* [WORK TO COMPLETE]:
Would you output the listing exactly, with every image omitted?

* [DATA EXTRACT]:
--

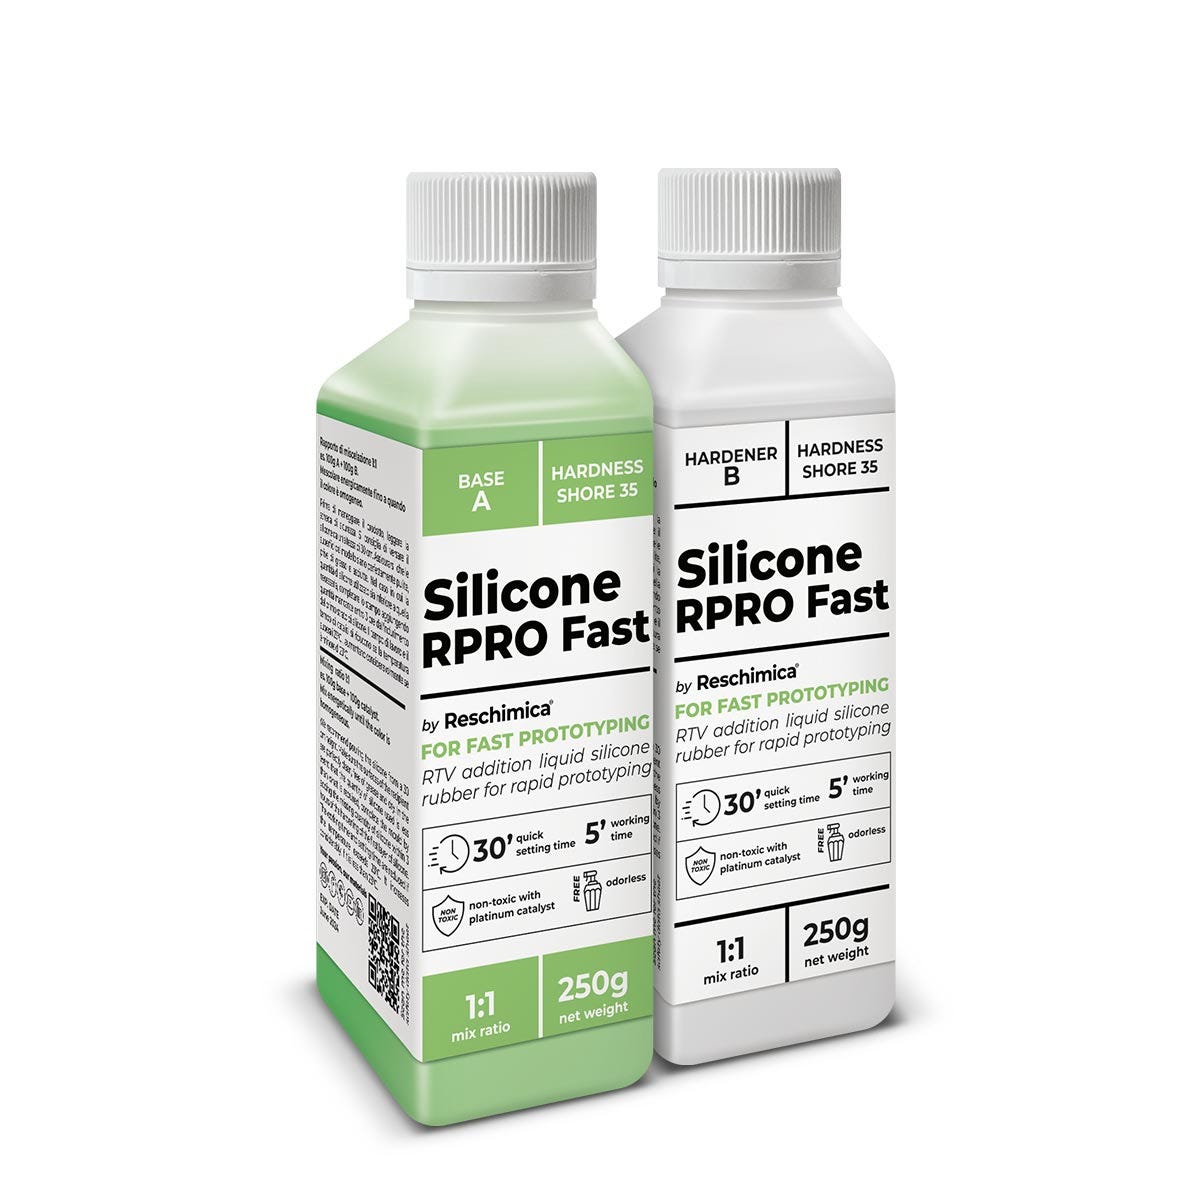 R PRO 20 gomma di silicone liquida di media durezza 1:1 , non tossica e  catalizzatore al platino (1 kg)
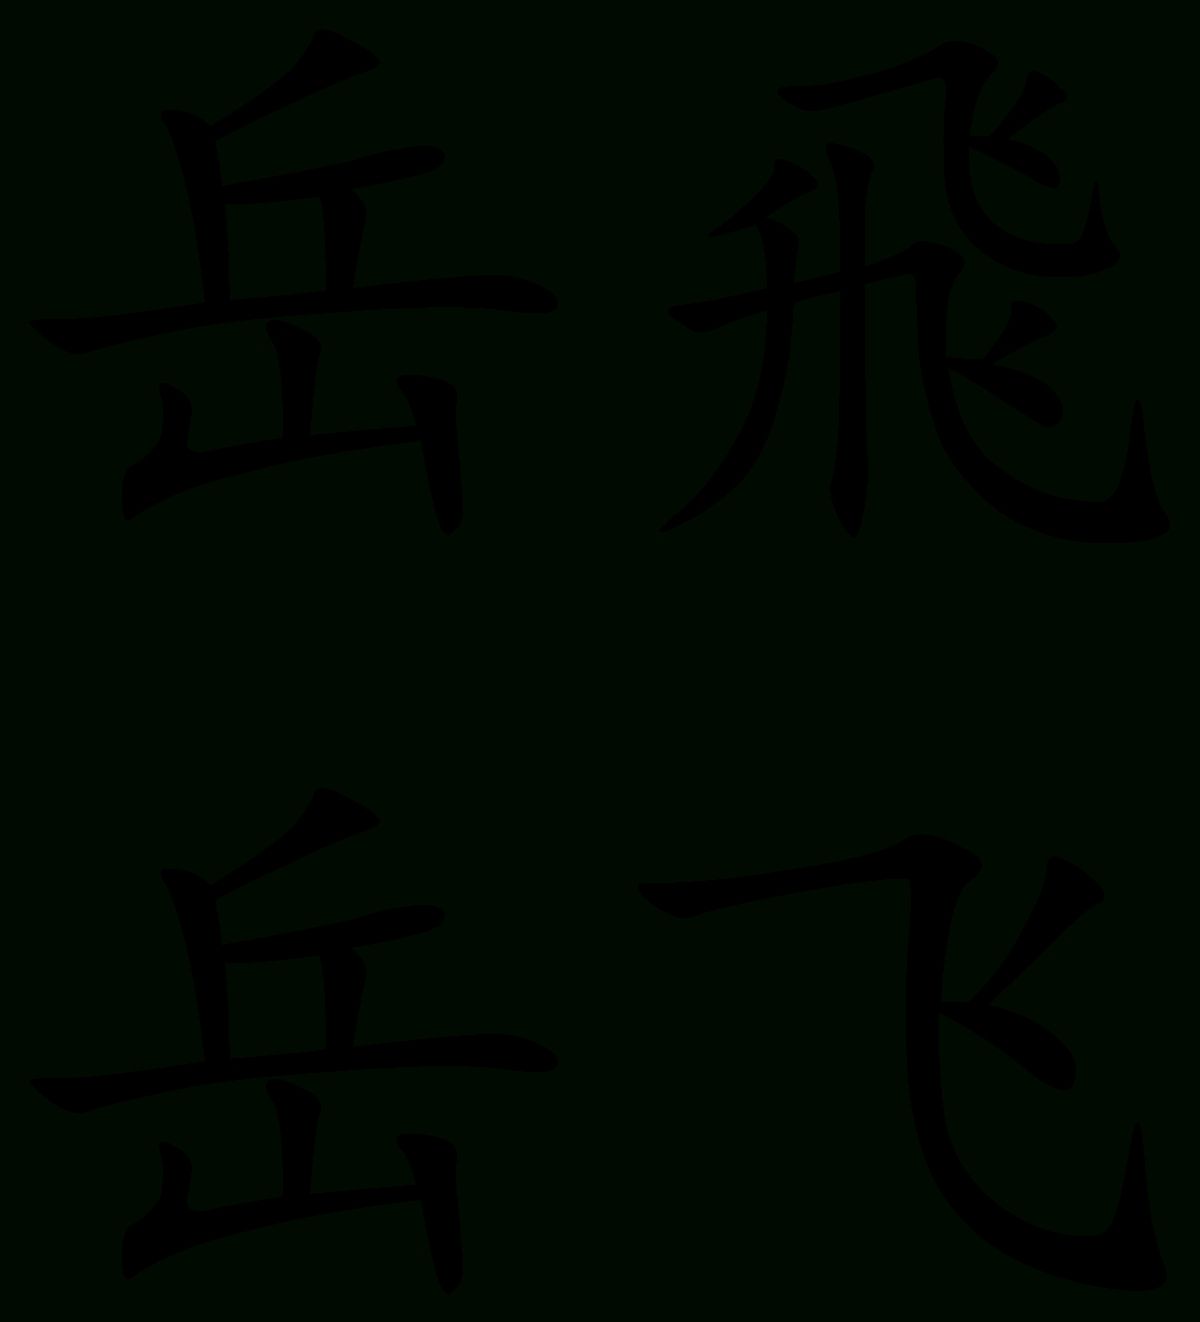 Yue Fei – Wikipedia Regarding 2018 Wo Ai Ni In Chinese Wall Art (View 6 of 25)
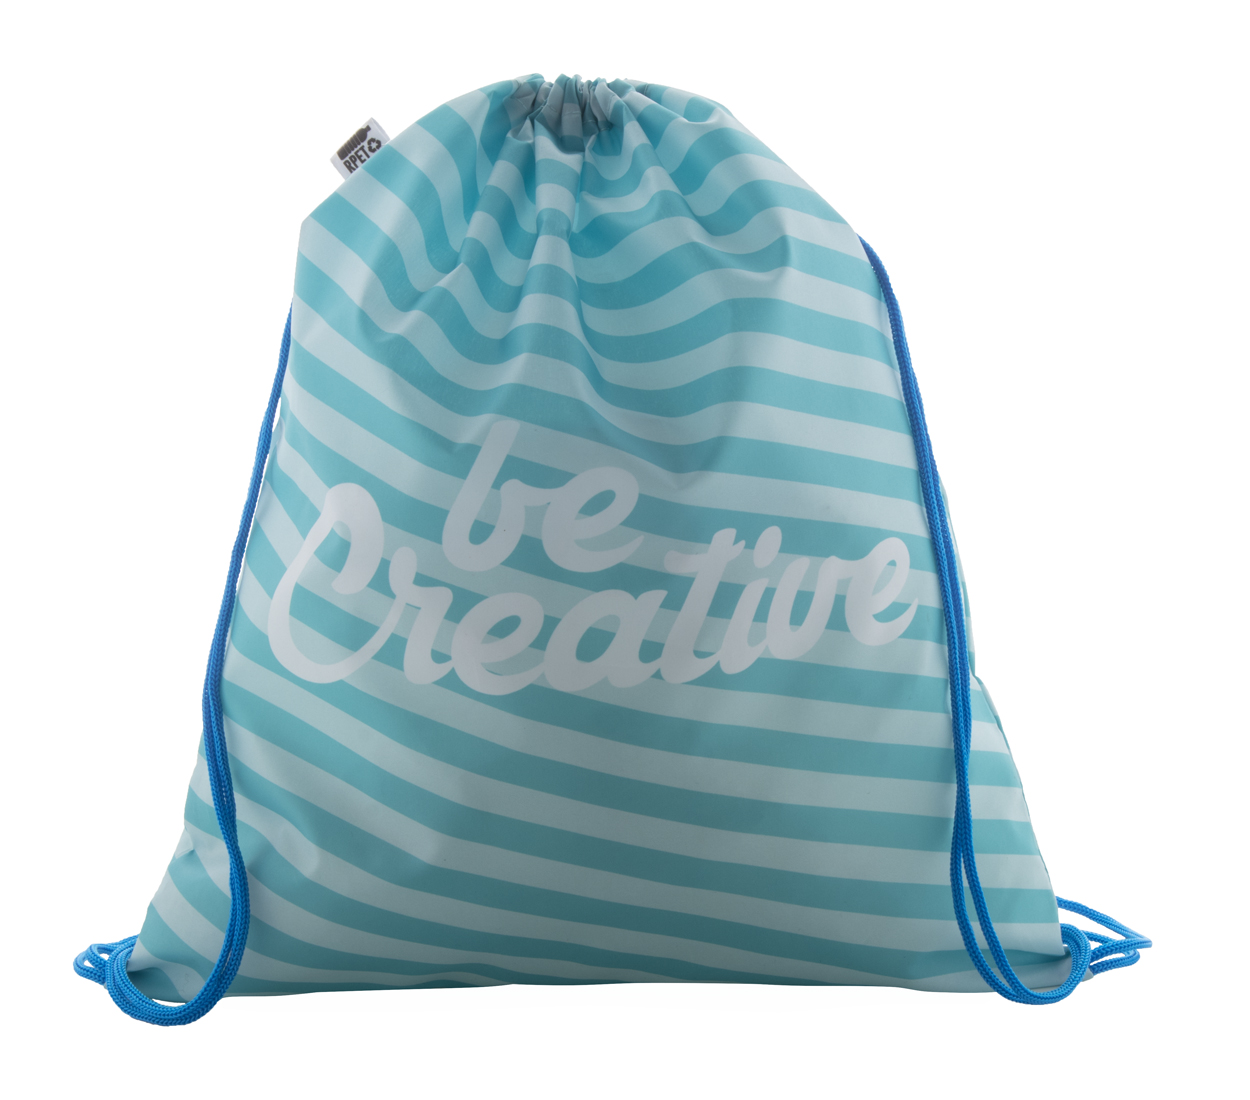 Custom made CreaDraw RPET drawstring bag - blue

--

* [RESULT BELOW]:
 R PRO 20 gomma di silicone liquida di media durezza 1:1 , non tossica e  catalizzatore al platino (1 kg)
 Yue Fei – Wikipedia Regarding 2018 Wo Ai Ni In Chinese Wall Art (View 6 of 25)
 Custom made CreaDraw RPET drawstring bag - blue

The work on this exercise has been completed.